──────── THE DATA
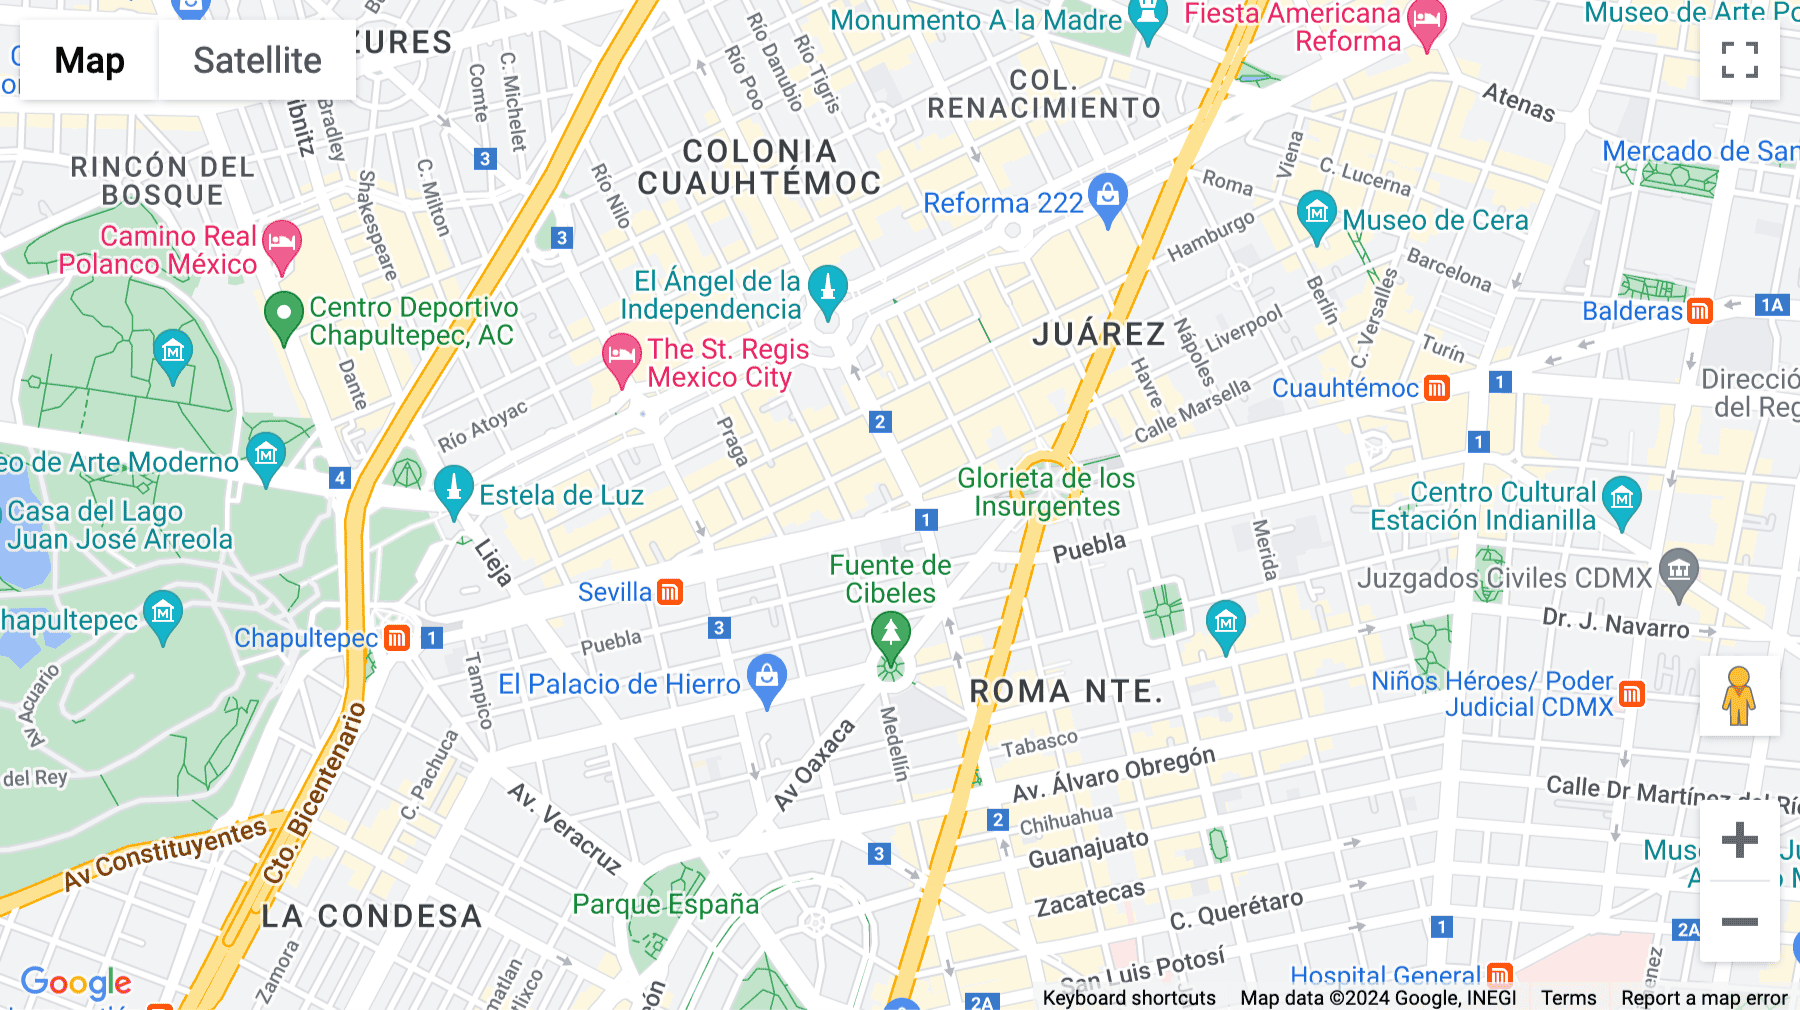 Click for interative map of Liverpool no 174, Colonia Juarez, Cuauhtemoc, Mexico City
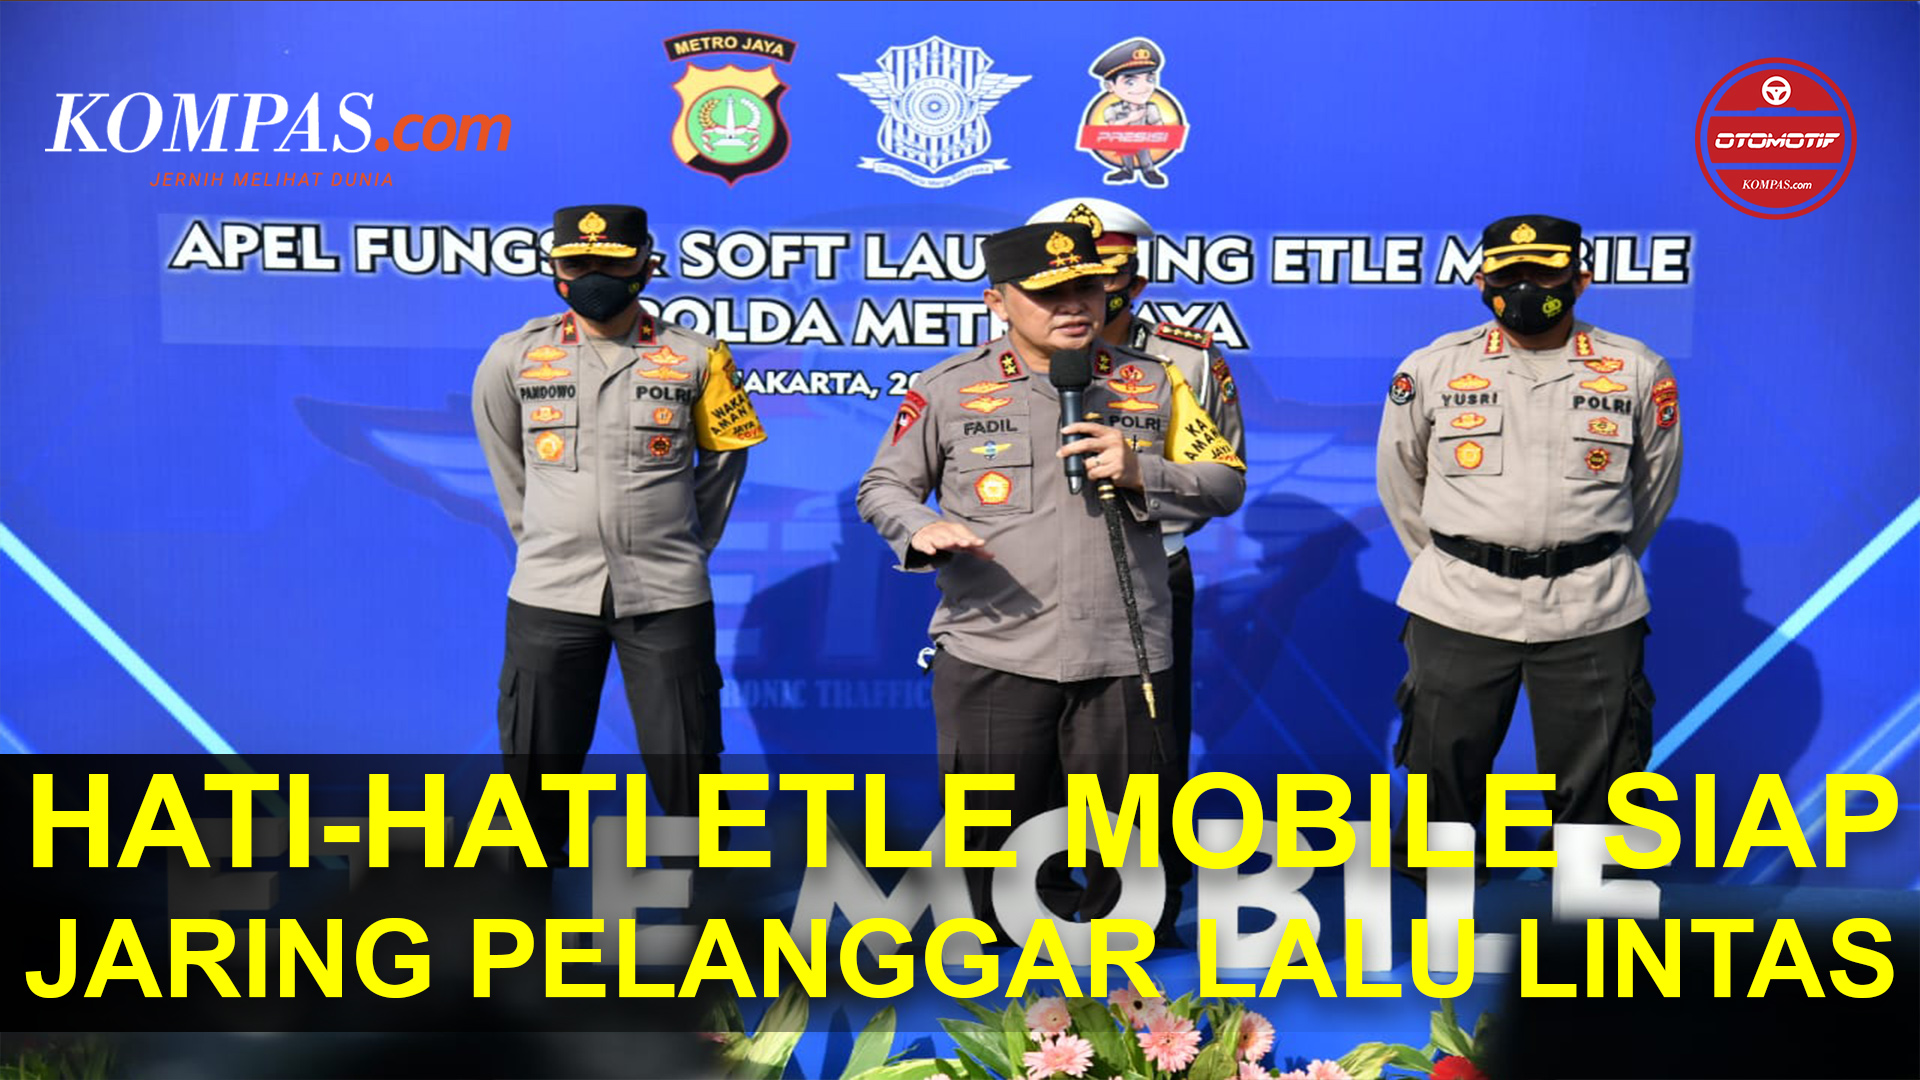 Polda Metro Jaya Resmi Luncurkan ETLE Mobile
────────────────
──────── THE DATA
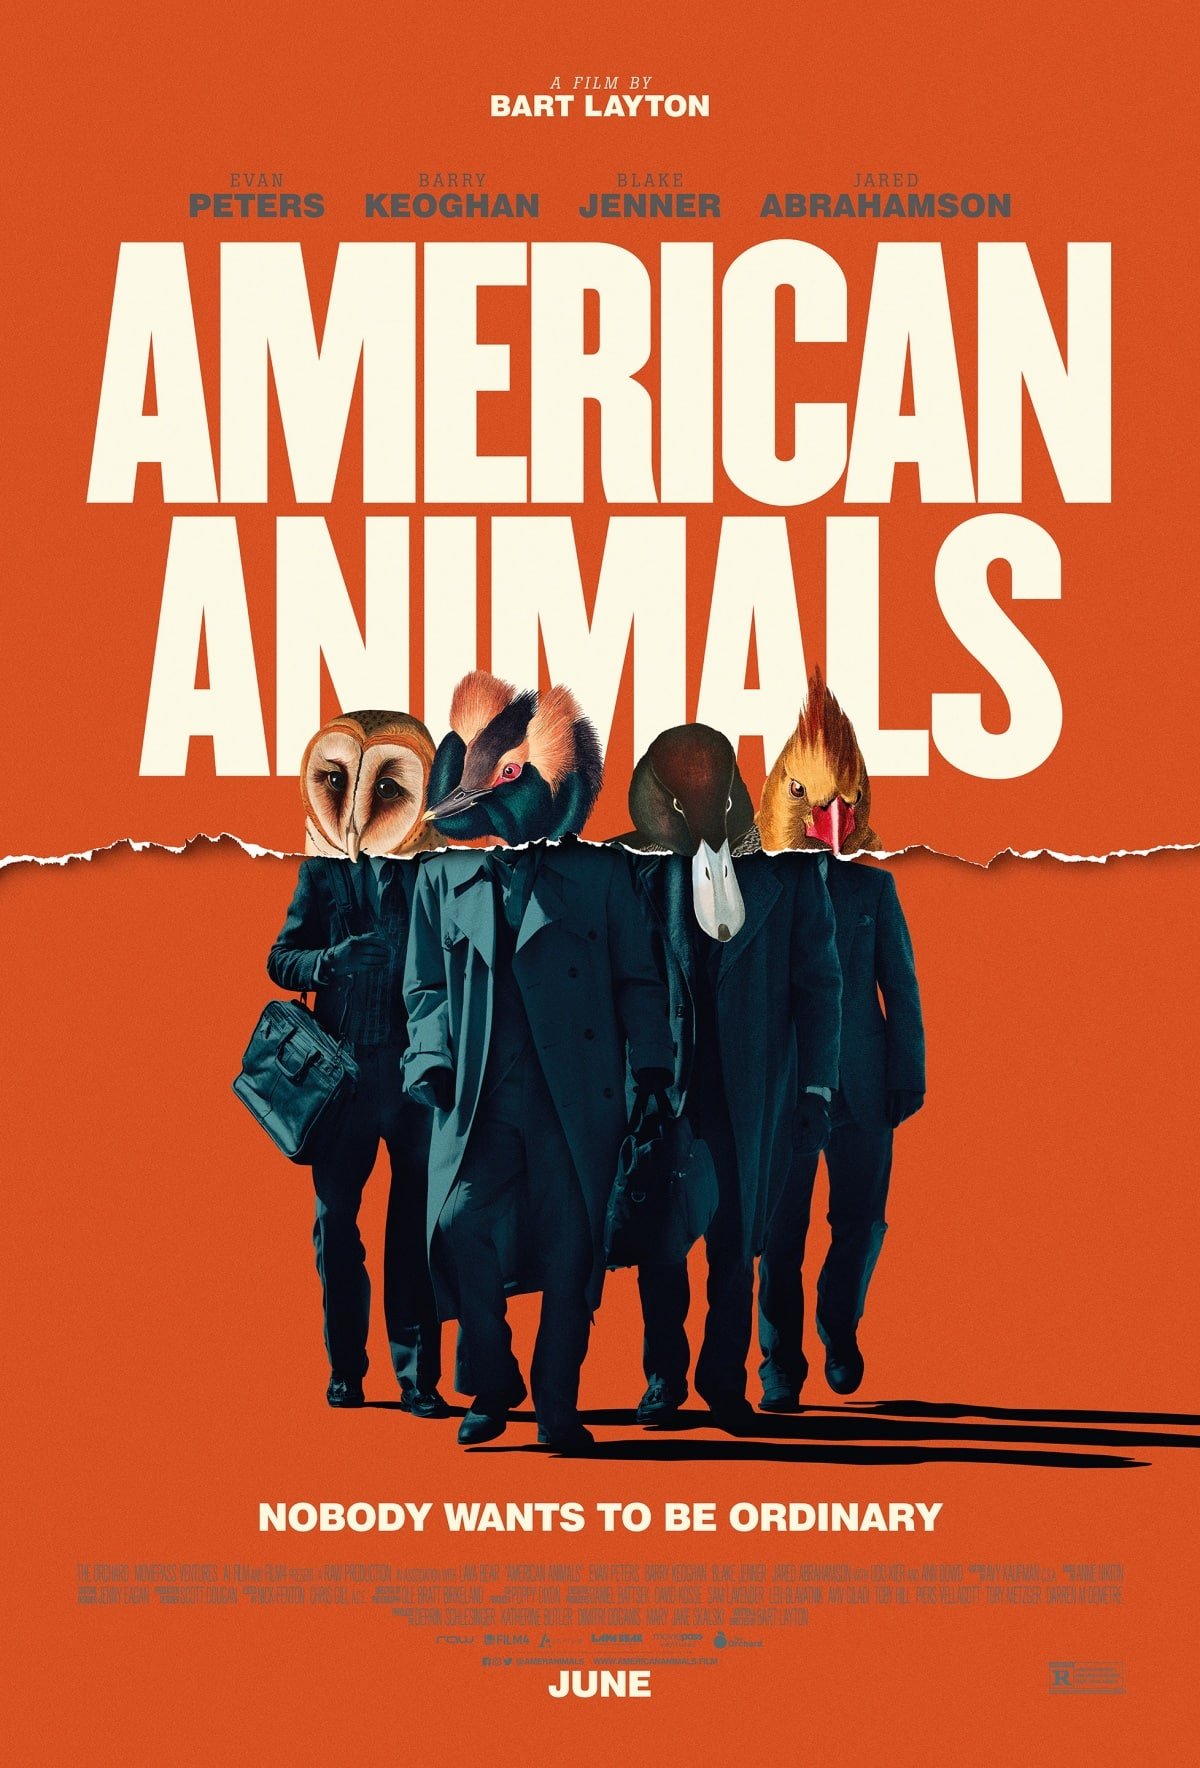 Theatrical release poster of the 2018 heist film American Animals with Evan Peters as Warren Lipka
────────────────
WHAT YOU HAVE TO DO: Would you write out exactly the lines above, starting at the line containing "Click for interative" and stopping after the line containing "Polda Metro Jaya Resmi Luncurkan ETLE Mobile"? Omit the pictures.

RESPONSE TO THIS TASK:
 Click for interative map of Liverpool no 174, Colonia Juarez, Cuauhtemoc, Mexico City
 Polda Metro Jaya Resmi Luncurkan ETLE Mobile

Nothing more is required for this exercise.